When faced with being the center of attention, I have two rules - the first is to run. The second is to run faster. Giving in gracefully is not something I do well and so it was that I found myself on the way to a gathering of musicians giving their time and money to support me and say a very public thank you for my photography. Since it was organized in my honor, I couldn't very well skip it - and I needed the money - but I couldn't shake the unsettling feeling that there would be nowhere to hide except behind my camera lens. I hesitated at the doorway, suddenly and alarmingly aware that it wasn't much of a shield and wishing urgently for a partner to run interference. I was still working up my nerve when the door was thrown open, someone called my name, and deserving or not - ready or not - I was suddenly among friends. It was too late to run. I muttered a small prayer of thanks for my old Nikon, manufactured a hasty smile and forced my feet to move.
I'm never sure how many people understand just how exactly shy I am, but my friend Charli is one of them.
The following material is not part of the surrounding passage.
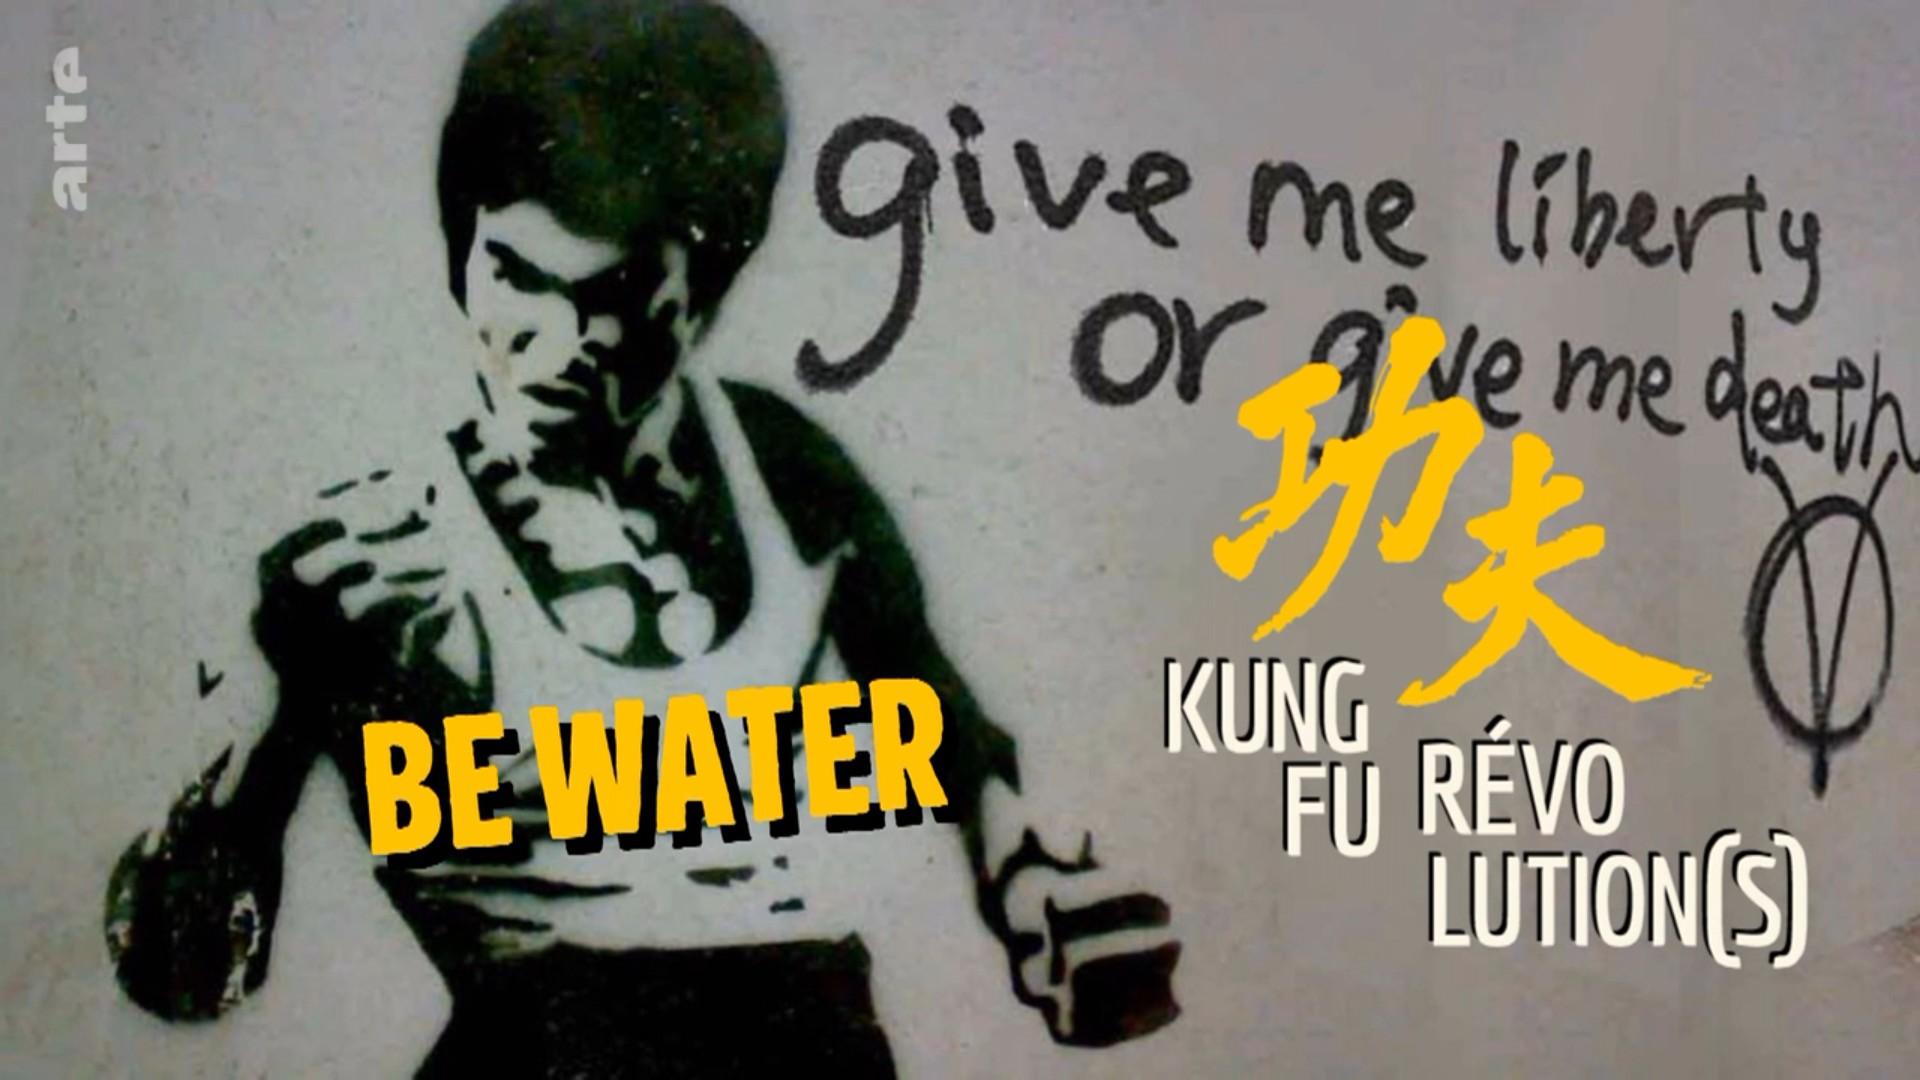 Arte (2) Kung-Fu Révolution

Despite the fact that these people had come together to celebrate my work, she was careful that attention was only secondarily focused on me - she made sure that the music got the spotlight and when I had no choice but to talk to someone, it was one on one, the only thing I do passably well. My camera and I were left free to listen and photograph, to be as invisible as possible and it made the afternoon if not joyful, at least some place I was glad and grateful to be.
I can't remember a time when I wasn't hide-in-a-corner bashful, not even as a child. Crowds suffocate me, parties are to be avoided at all costs, small talk paralyzes me. Were it not for my love of music and photography, I can easily imagine never leaving my little house except to go to and from work - some of my best nights are spent in the company of cats and dogs, not people - and yet I covet my extrovert friends and their easy, careless chatter. They are so comfortable, so confident, so un-selfconscious and at home -I can't help but wonder where they learned.
It ought to be less of a struggle among friends, I think to myself as the afternoon wears on and all the familiar and smiling faces come and go. Hugs and kisses and warm wishes are plentiful and I sense that I will very pleased with my day's work of photographs. It's always a good thing to survive people being nice to you.